You are viewing a plain text version of this content. The canonical link for it is here.
Posted to user@chukwa.apache.org by Jaydeep Ayachit <ja...@persistent.co.in> on 2010/10/28 16:58:39 UTC

Data loss on collector side

As per the collector design, the collector accepts multiple chunks and writes each chunk to hdfs. If all the chunks are written to hdfs, collector sends back 200 status to agent
If hdfs write fails in between, the collector aborts entire processing and sends exception. This could mean that the data is partially written to hdfs. I have a couple of questions


1.       The agent does not receive response 200. Does it resend the same data to another collector? How does checkpointing works in this case?

2.       If the agent sends same data to another collector and it goes to hdfs, there is a duplication of some records. Are those duplicates filtered when preprocessor runs?
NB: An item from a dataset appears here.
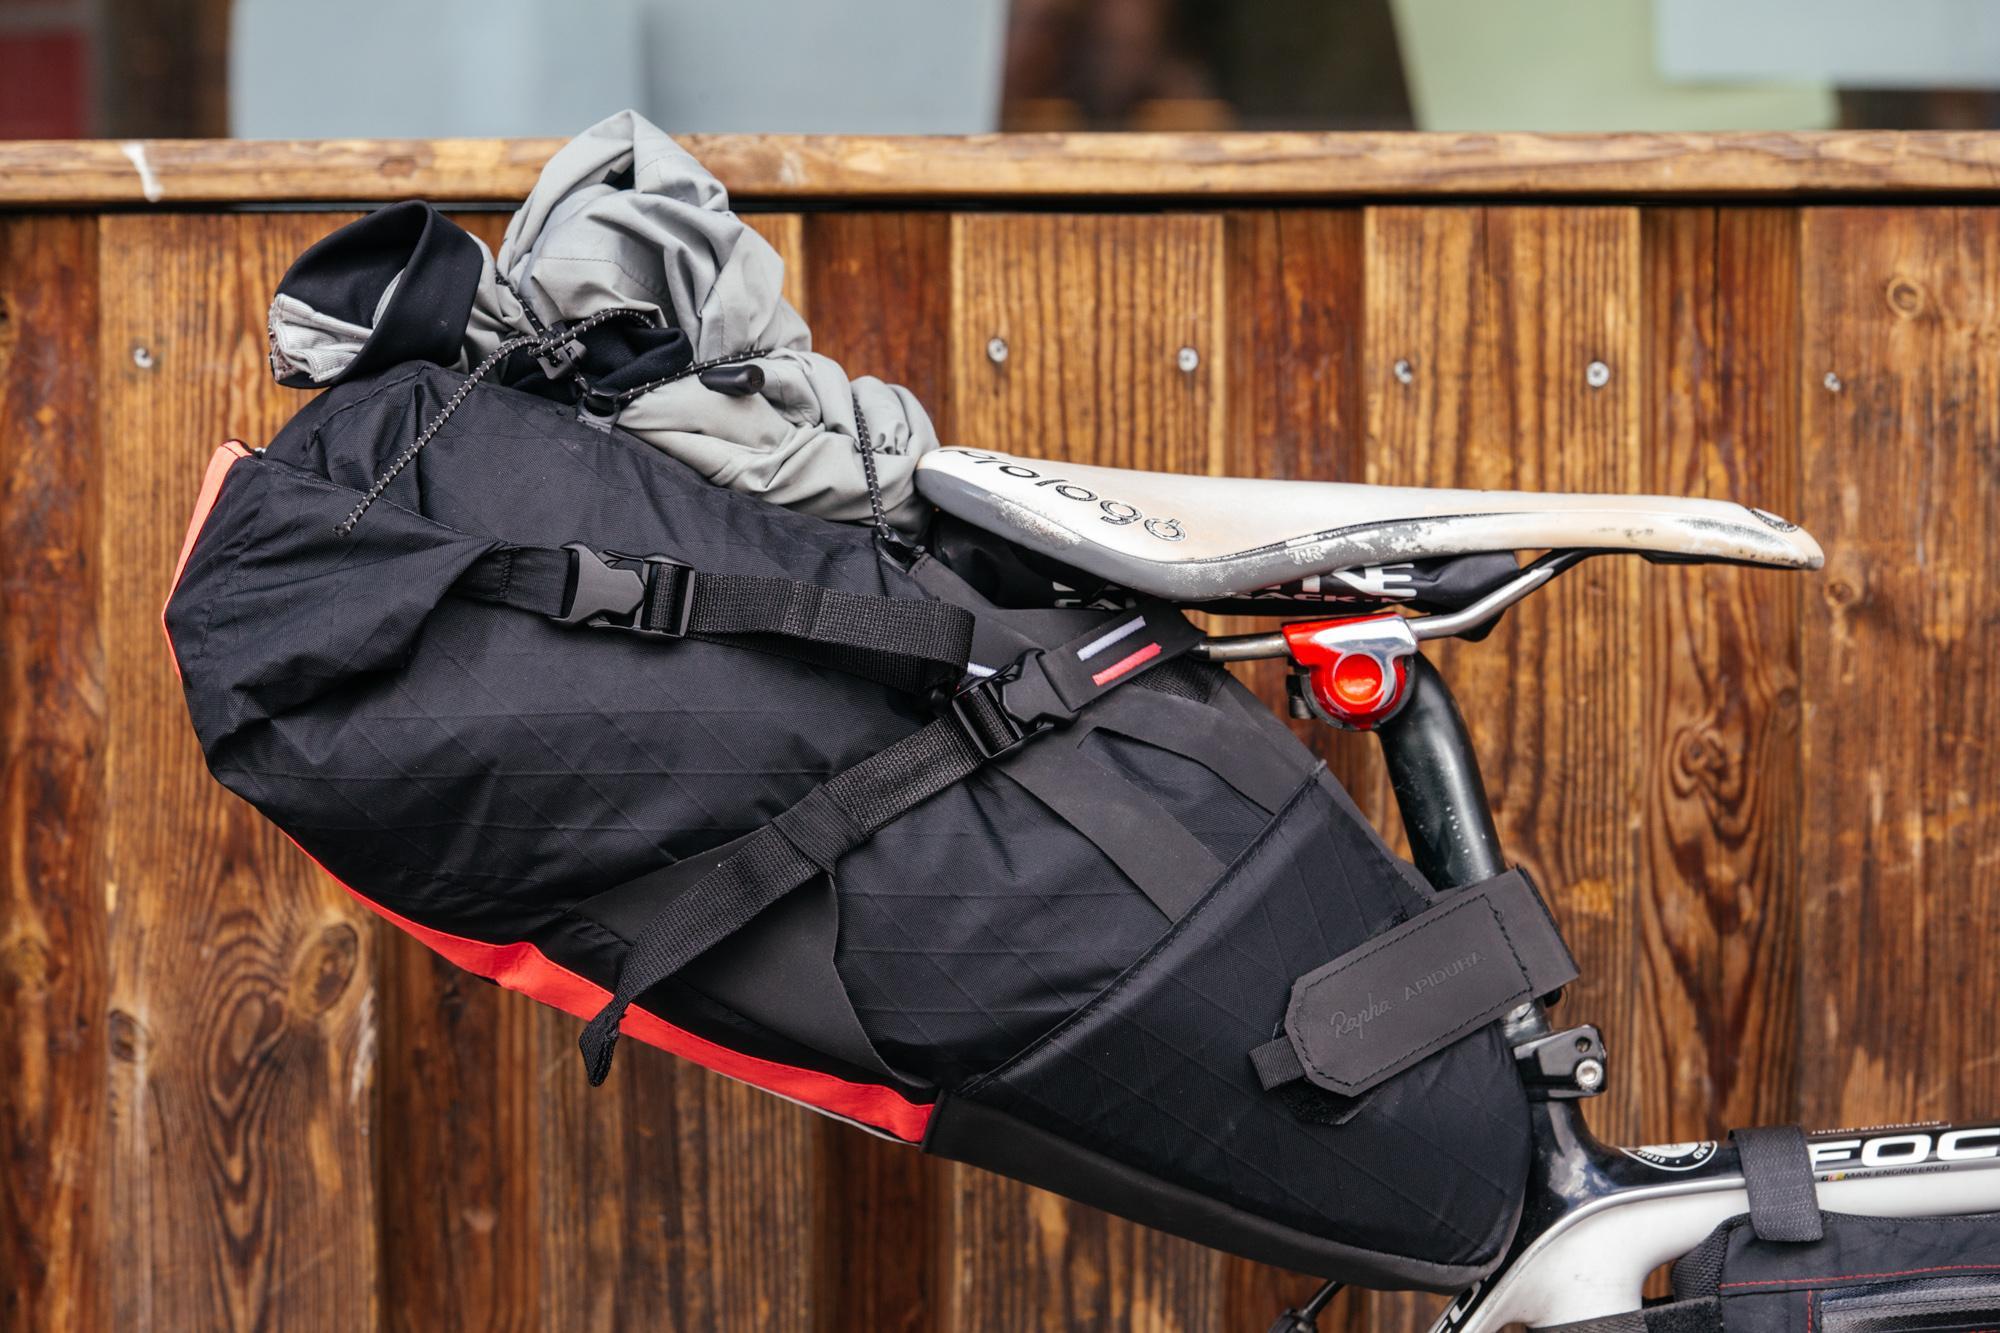 Sverigetempot_Bikes-4

In summary what data loss happens when hdfs goes down from collector perspective?

Thanks,
Jaydeep

Jaydeep Ayachit | Persistent Systems Ltd
Cell: +91 9822393963 | Desk: +91 712 3986747


DISCLAIMER
==========
This e-mail may contain privileged and confidential information which is the property of Persistent Systems Ltd. It is intended only for the use of the individual or entity to which it is addressed. If you are not the intended recipient, you are not authorized to read, retain, copy, print, distribute or use this message. If you have received this communication in error, please notify the sender and delete all copies of this message. Persistent Systems Ltd. does not accept any liability for virus infected mails.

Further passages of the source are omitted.